Question $14.10$, Chapter $14$, in Apostol's "Mathematical Analysis" ($2^{\text{nd}}$ edition):
Let $\Gamma$ be a rectifiable curve in $\mathbb{R}^{n}$. Prove that $\Gamma$ has $n$-dimensional Jordan content zero.
Note that this question differs from How prove that the range of an rectifiable curve has measure zero? and Prove that the image of a curve has zero content in that there is no assumption of continuity here.
I've had two possible ideas, but haven't managed to finish a proof with either one.
The first involves approximating the curves with line segments so that a finite covering by $n$-dimensional intervals of the (finite number of) segments also contains the curve, provided that the approximation is 'close enough'. The problem I run into is approximating the (possibly countably many) disjoint curve segments (as a result of possibly countably many discontinuities) with only a finite number of segments at my disposal.
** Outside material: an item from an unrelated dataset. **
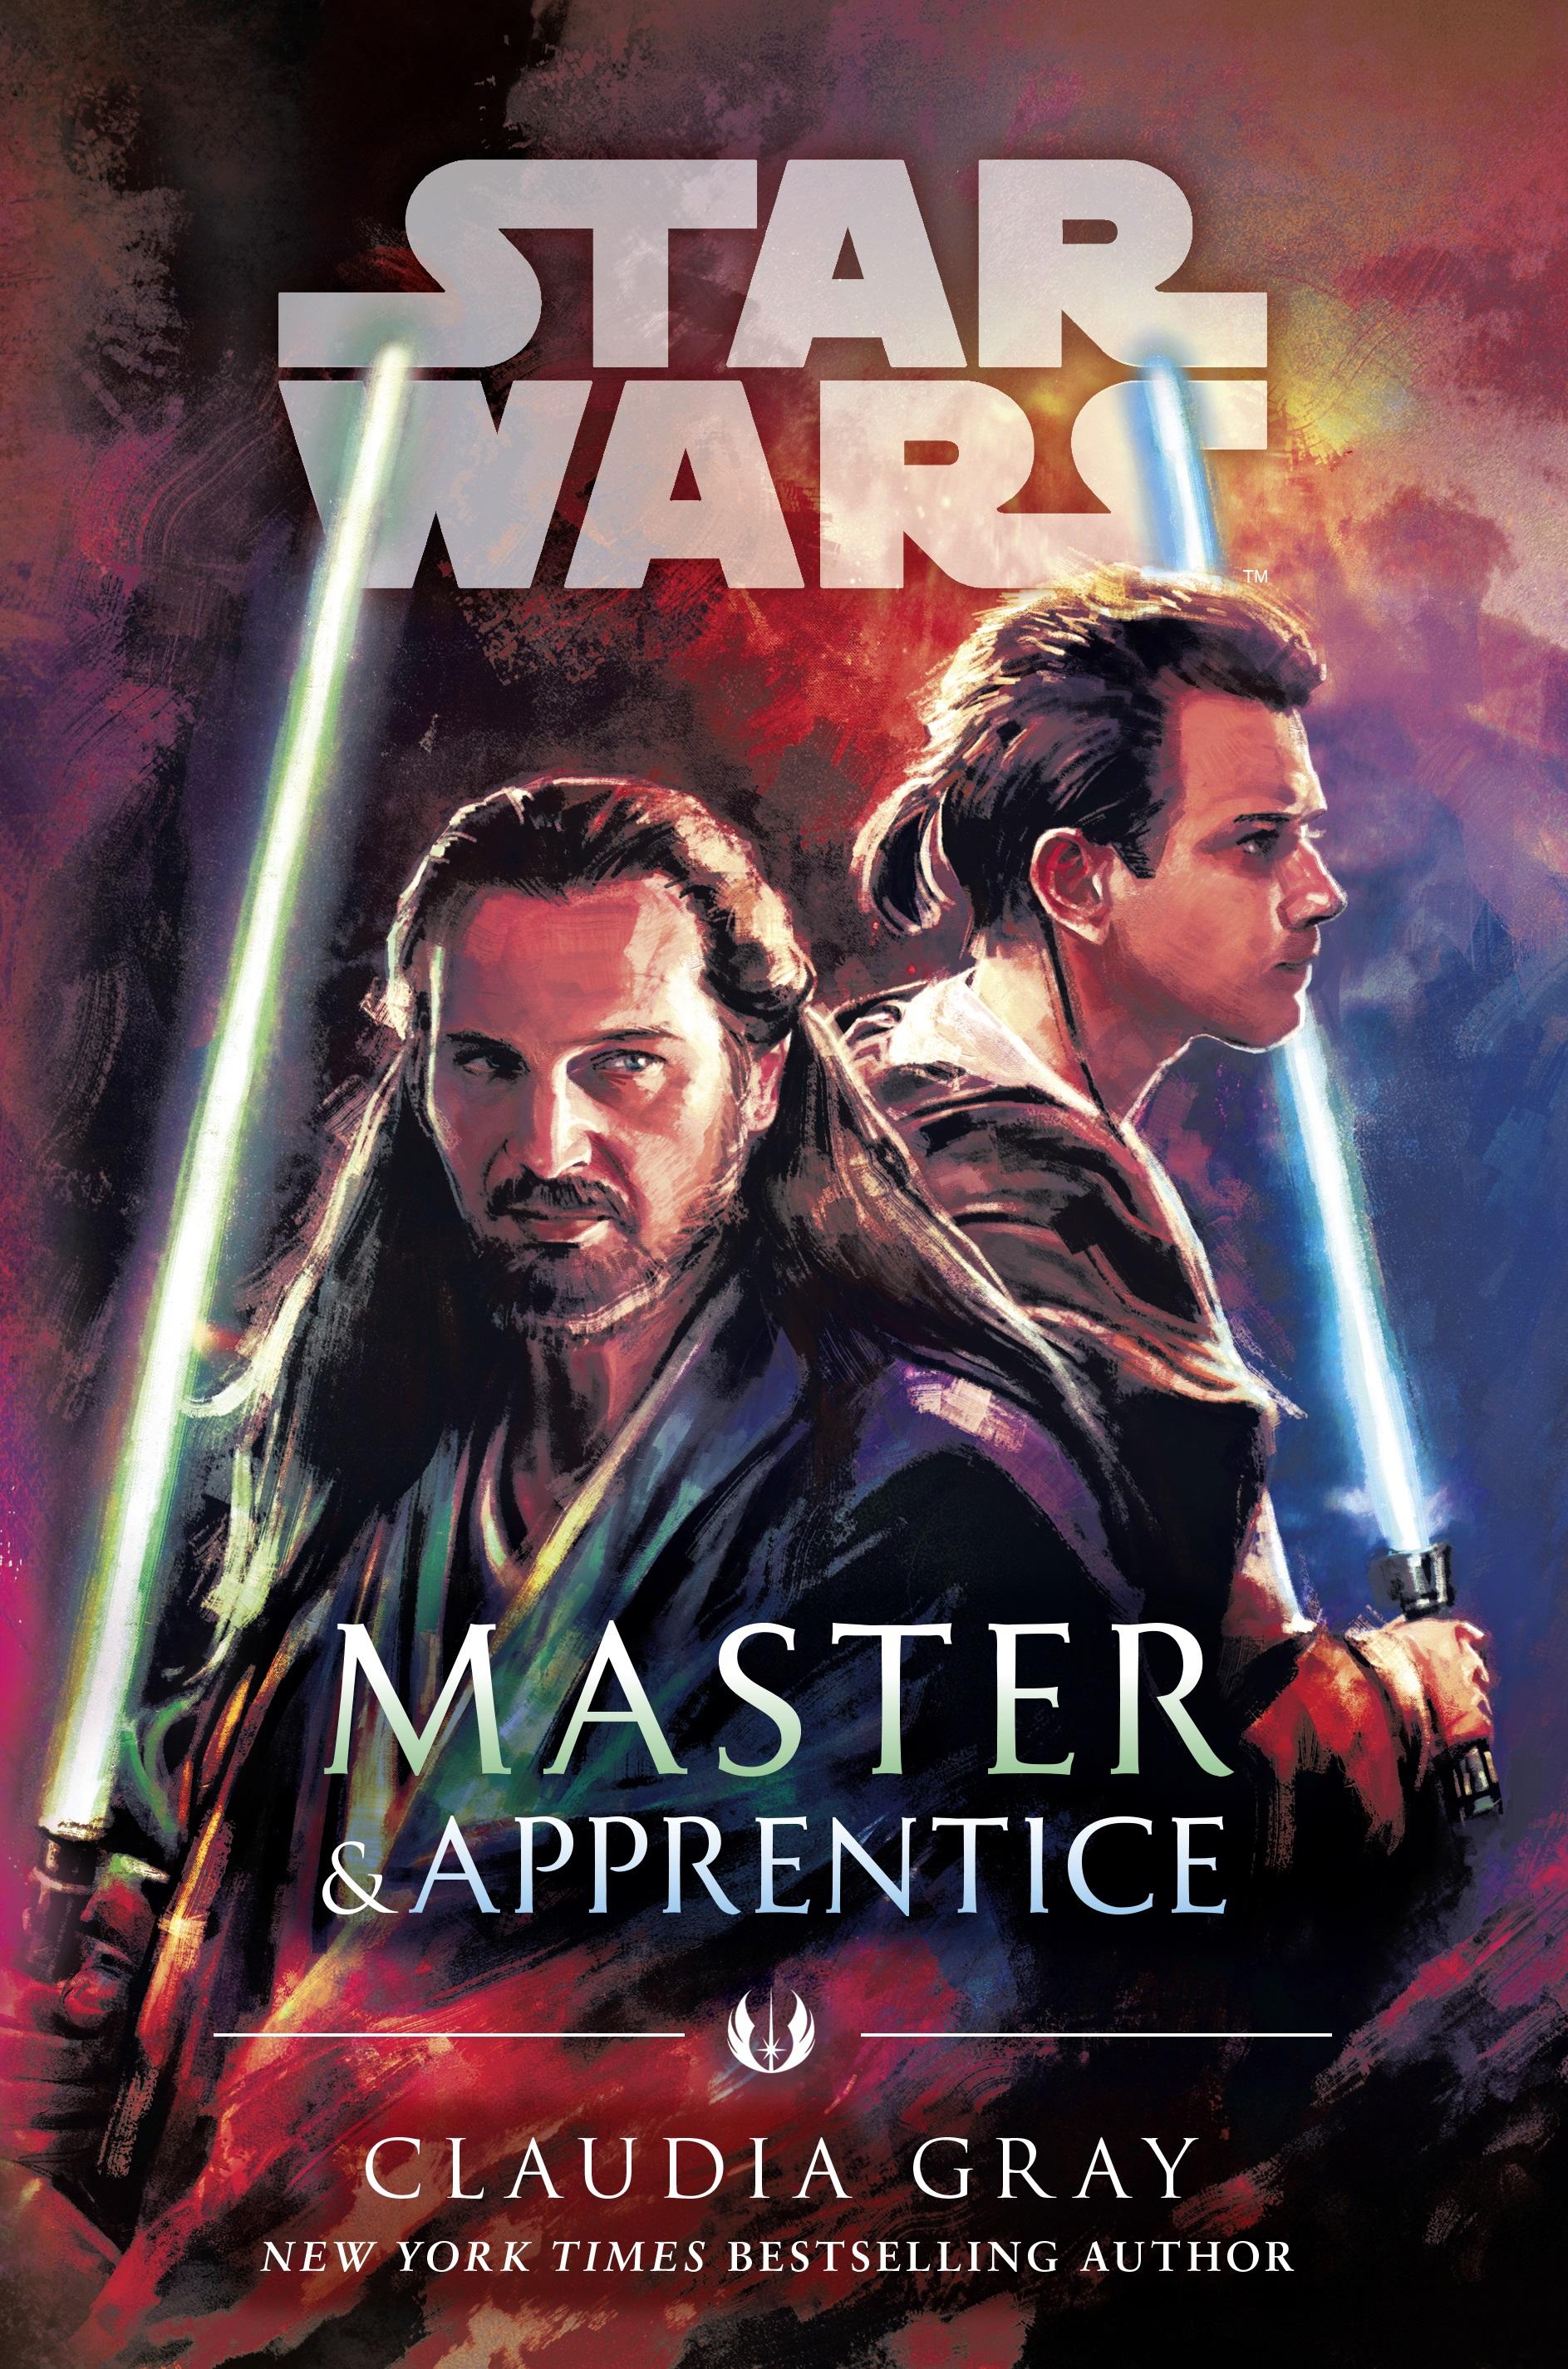 Master & Apprentice - cover
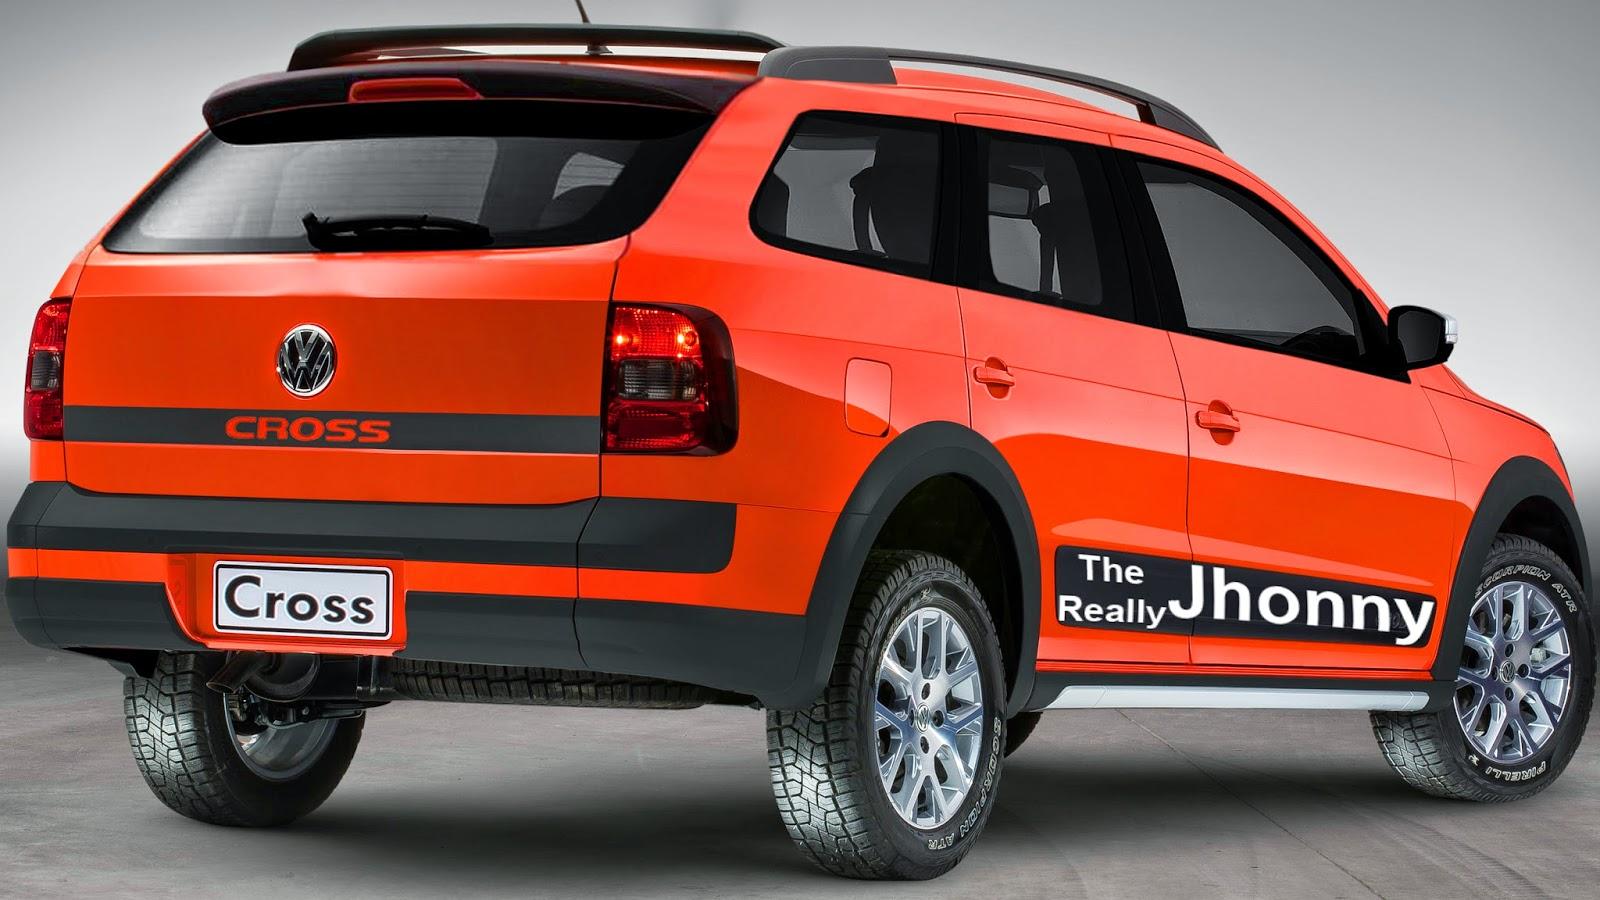 Thereallyjhonny Nova Volkswagen Parati G6 2015

The second idea would make use of Theorem $6.17$, wherein one learns that for a path $\mathbf{f} \colon [a,b] \to \mathbb{R}^{n}$ with components $\mathbf{f} = (f_1, \dots, f_n)$ is rectifiable if and only if each component is of bounded variation. In this case the proof would break into three parts:
- Showing the theorem is true for increasing functions.
- Showing the theorem is true for the difference of two increasing functions (i.e. also for functions of bounded variation)
- Showing the theorem is true for a function with components of bounded variation.
The third part is fairly simple, I think (just take a partition of $\mathbb{R}^{n}$ that partitions the $k$th dimension as one would partition $\mathbb{R}$ for $f_k$ to obtain a sum of intervals $\lt \epsilon$; the sum of the sizes of the $n$-dimensional intervals covering $\mathbf{f}$ will then be $\lt \epsilon^{n}$), but I'm struggling to make progress with the first two parts. Again, the problem seems to be the possibly countable number of discontinuities.
In any case, I'm not sure how to proceed. Any help will be appreciated.
@Gio67 's answer in the comments:
"If you look on page 33, a path is a continuous function. Apostol defines rectifiability only for paths, so you do have continuity and you can use the answers in your links"
So indeed, the answer to my question can be found here: How prove that the range of an rectifiable curve has measure zero?
N.B. It is on pg. $133$, and not pg. $33$, (at least in my copy of Apostol's "Mathematical Analysis"), that paths are defined.